▶ Instructions to follow: Below are the entries to work from; restate word for word the portion that opens with the line containing "Skirt winter Madewell" and closes with the line containing "TRASK Gallatin Belt", keeping both.

(Source records)
◆ ◆ ◆ ◆
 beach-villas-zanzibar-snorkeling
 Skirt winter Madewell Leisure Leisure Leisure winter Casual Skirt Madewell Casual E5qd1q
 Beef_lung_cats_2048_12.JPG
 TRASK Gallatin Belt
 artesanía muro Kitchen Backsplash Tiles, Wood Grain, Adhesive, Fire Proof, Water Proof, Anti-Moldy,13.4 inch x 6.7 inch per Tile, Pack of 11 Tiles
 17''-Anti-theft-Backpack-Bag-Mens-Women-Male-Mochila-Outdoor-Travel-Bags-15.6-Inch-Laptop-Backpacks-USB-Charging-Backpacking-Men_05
◆ ◆ ◆ ◆
▶ Task result:
 Skirt winter Madewell Leisure Leisure Leisure winter Casual Skirt Madewell Casual E5qd1q
 Beef_lung_cats_2048_12.JPG
 TRASK Gallatin Belt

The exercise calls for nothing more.